← Lessons

quiz vs the machine

Platinum1700

Machine Learning

Bayesian Hyperparameter Optimization

Using past trials to decide which hyperparameters to test next.

5 min read · advanced · beat Platinum to climb

Smarter than guessing

Grid and random search ignore what they have already learned, repeating blind trials. When each training run is expensive, you want to use the results so far to pick the next promising setting. Bayesian optimization does exactly that.

The surrogate model

The method builds a cheap surrogate model that predicts performance across the hyperparameter space and how uncertain it is:

  • Fit the surrogate, often a Gaussian process, to the trials done so far
  • Use an acquisition function to choose the next point, balancing exploration of uncertain regions against exploitation of promising ones
  • Run the real training there, observe the score, and update the surrogate

Over a handful of iterations the surrogate sharpens and steers the search toward strong configurations with far fewer expensive runs.

Tradeoffs

Bayesian optimization shines when evaluations are costly and the space is moderate.

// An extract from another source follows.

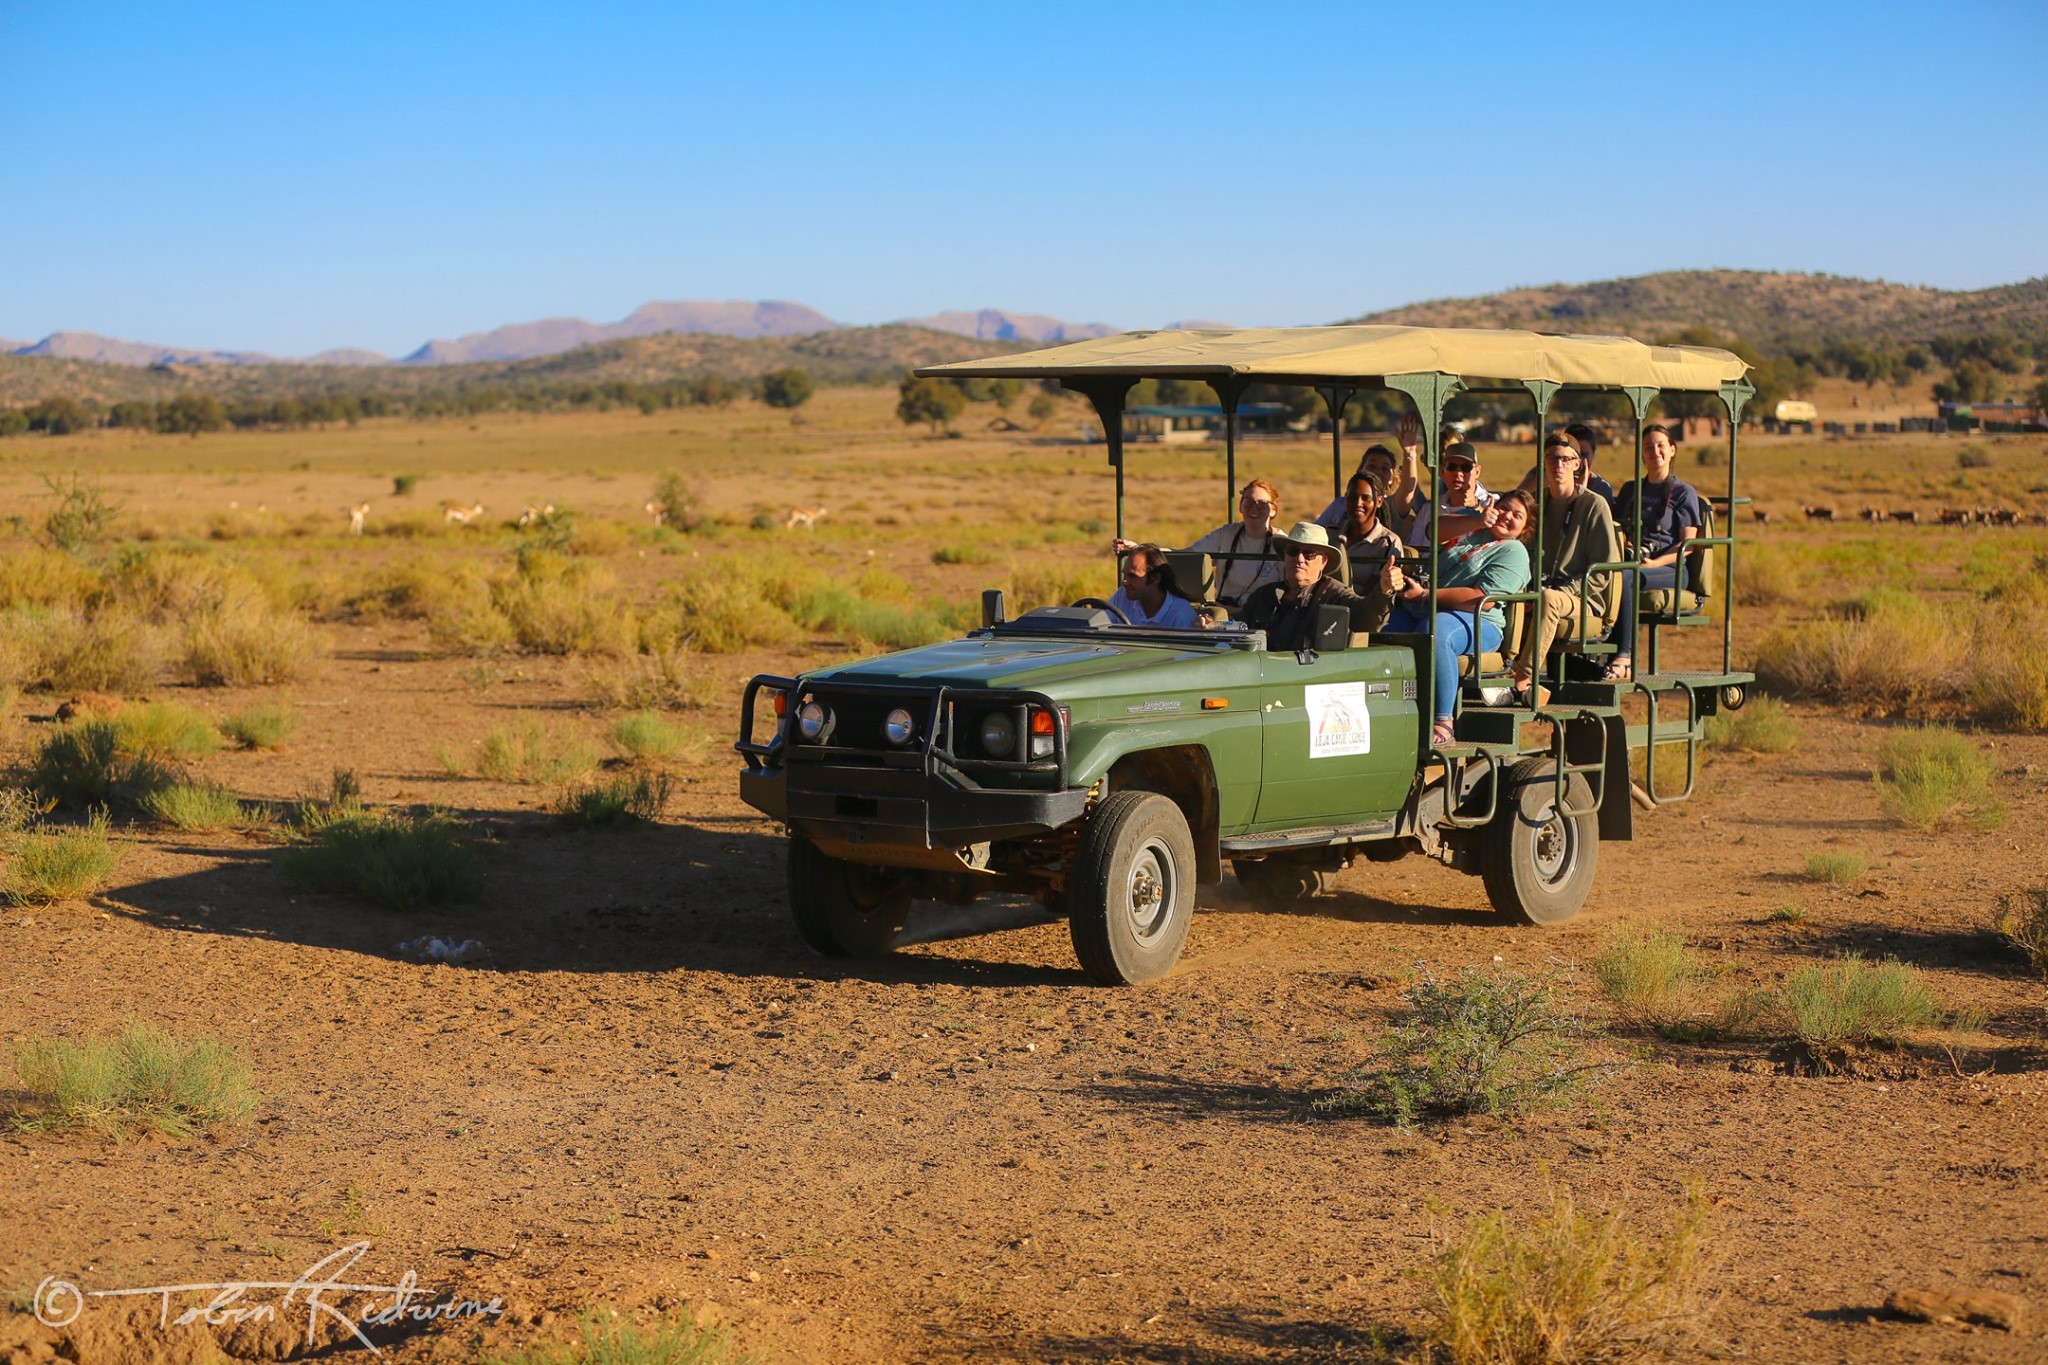 Students on a safari in Namibia

It is more complex and harder to parallelize than random search, and the surrogate can struggle in very high dimensions. Tools like successive halving combine it with early stopping for speed.

Key idea

Bayesian optimization fits a surrogate model of performance and uses an acquisition function to balance exploration and exploitation, finding good hyperparameters in few costly trials.

Check yourself

Answer to earn rating on the learn ladder.

1. What does the acquisition function balance?

2. When is Bayesian optimization most worthwhile?